Travere reported fourth-quarter net income of $2.7 million, or $0.03 per basic share, compared with a net loss of $60.3 million, or $0.73 per basic share, in the prior-year quarter. Non-GAAP adjusted net income was $33.3 million, or $0.37 per basic share, versus a non-GAAP adjusted net loss of $39.0 million, or $0.47 per basic share, in Q4 2024.
As of December 31, 2025, cash, cash equivalents, and marketable securities totaled $322.8 million. Cline said the balance reflects proceeds from a $40 million milestone payment received from CSL during the quarter and approximately $10 million from proceeds related to Renalys’ acquisition by Chugai. He also noted the company recognized approximately $25 million of income from discontinued operations tied to a Mirum Pharmaceuticals sales-based milestone expected to be paid in the first half of 2026.
Looking ahead, management said it expects meaningful net product sales growth from FILSPARI to continue and indicated that gross-to-net discounts are expected to increase modestly to the mid-20% range for 2026, up from around 20% in 2025. Cline added that the first quarter typically carries the highest gross-to-net impact. He also said operating expenses are expected to grow moderately versus 2025, driven by the restart and execution of HARMONY, pegtibatinase supply, FILSPARI evidence generation, and commercial investment for a potential FSGS launch. Cline stated that the company does not anticipate a near-term need for additional capital to support its current priorities.
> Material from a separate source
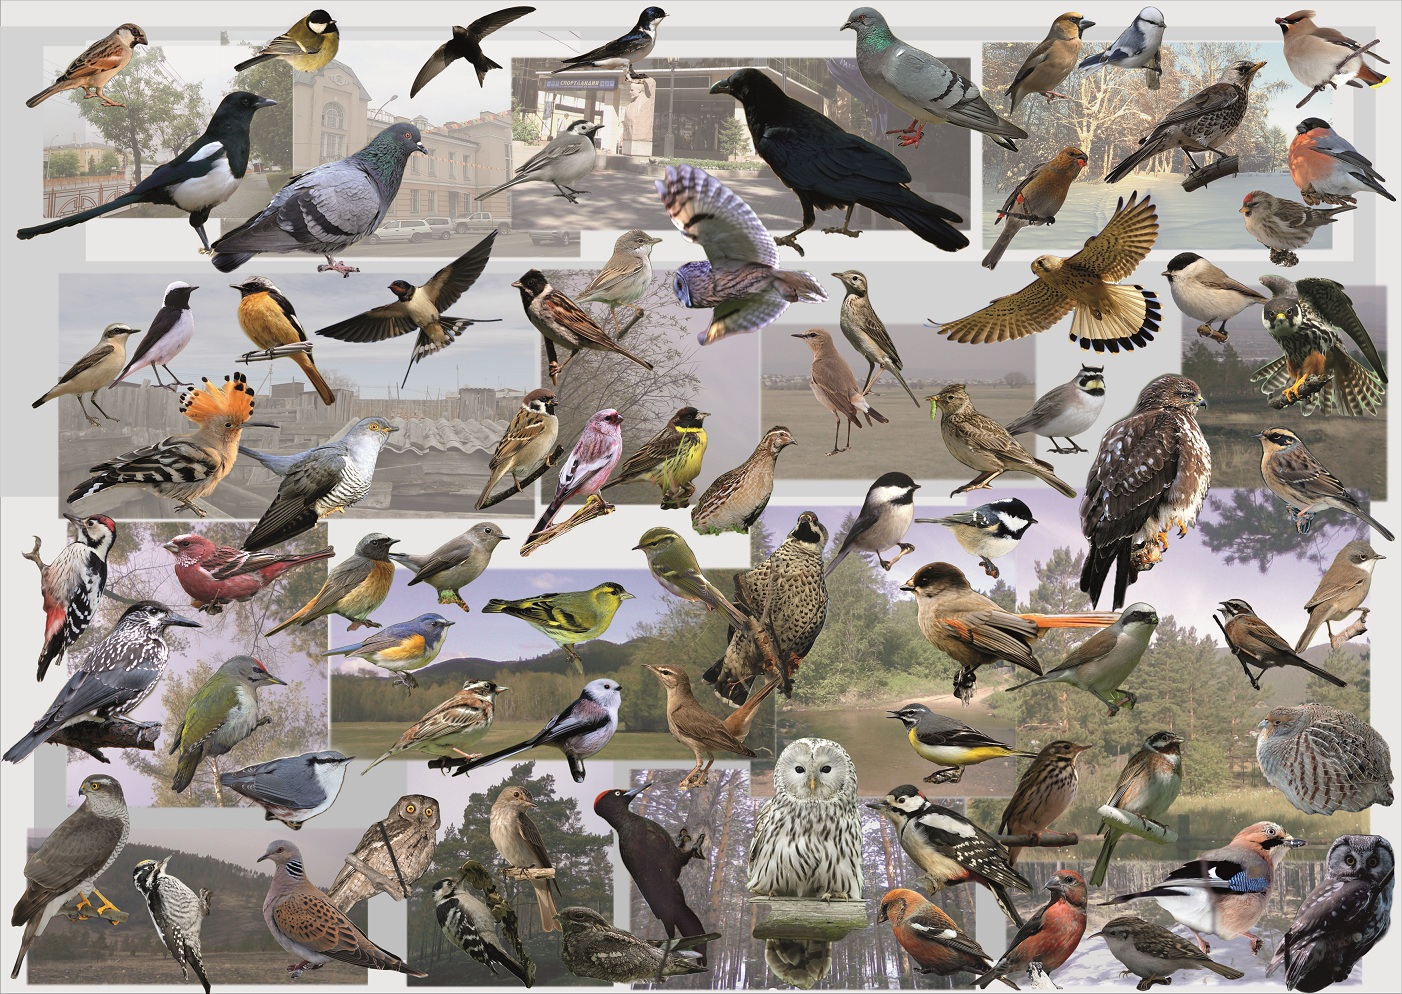 Узнать птицу по фото программа онлайн
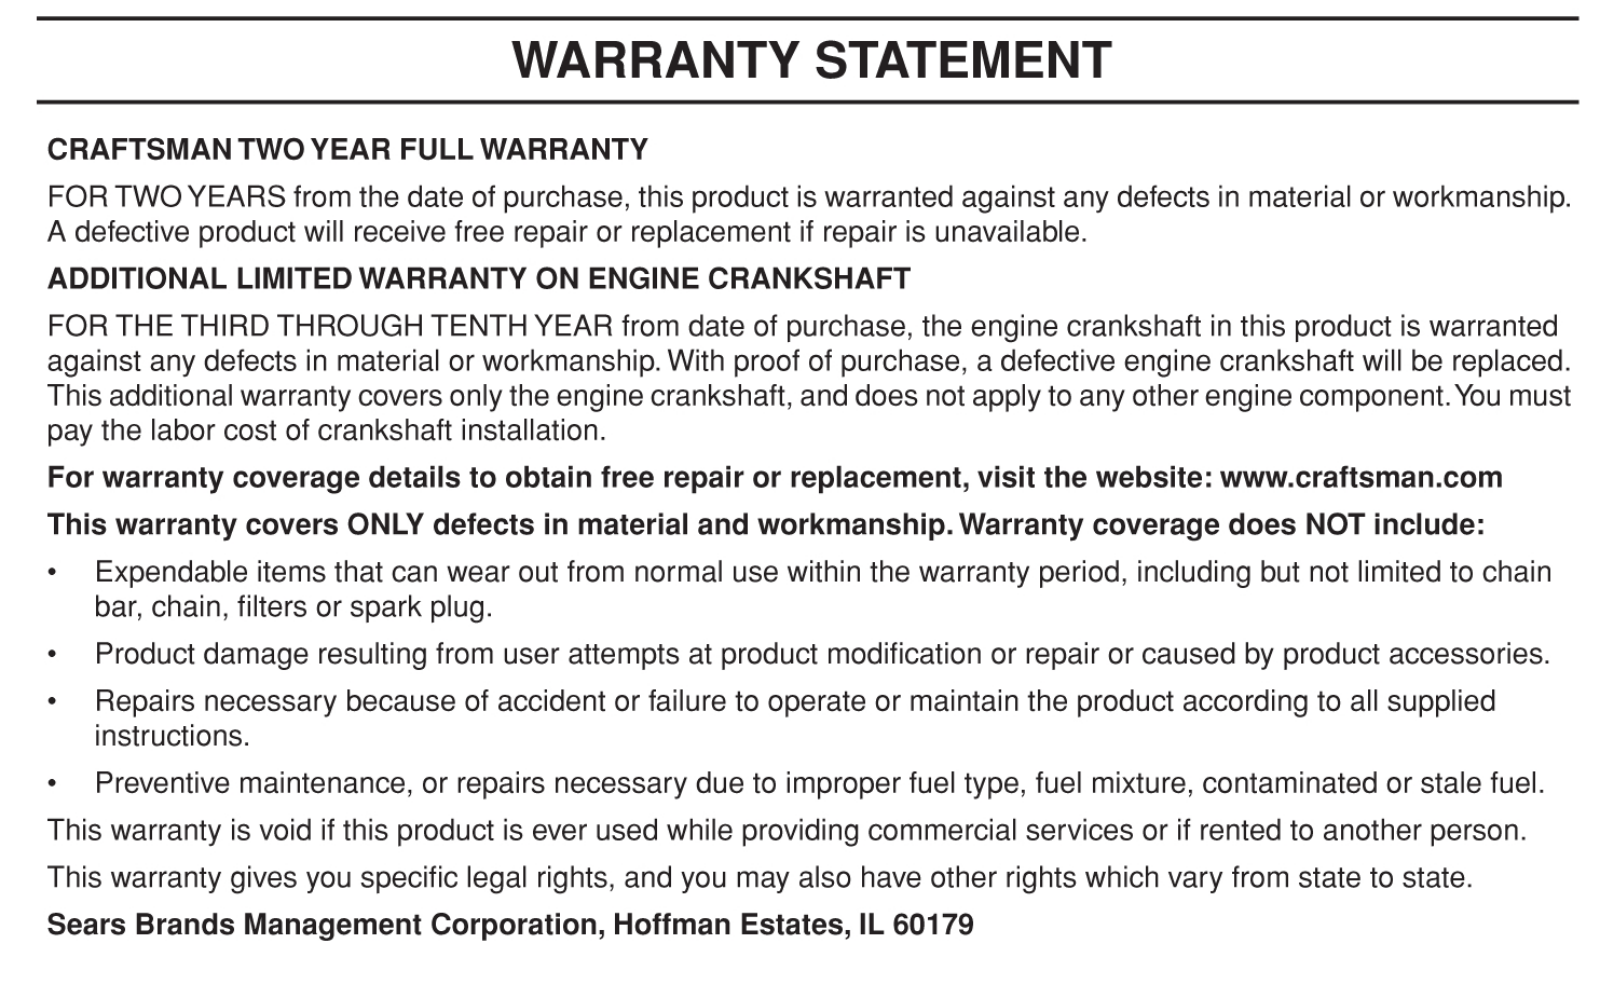 Craftsman Pro 45.7cc 20 Gas Chainsaw Manufacturer's Warranty

About Travere Therapeutics (NASDAQ:TVTX)
Travere Therapeutics, Inc (NASDAQ: TVTX) is a biopharmaceutical company headquartered in San Diego, California, dedicated to the development and commercialization of therapies for rare kidney and genetic disorders. The company’s mission is to address unmet needs in conditions with limited treatment options by focusing on diseases that affect small patient populations. Travere combines research, development and commercial capabilities to bring innovative medicines to market.
The company’s lead product is sparsentan, a dual endothelin angiotensin receptor antagonist that has received accelerated approval from the U.S.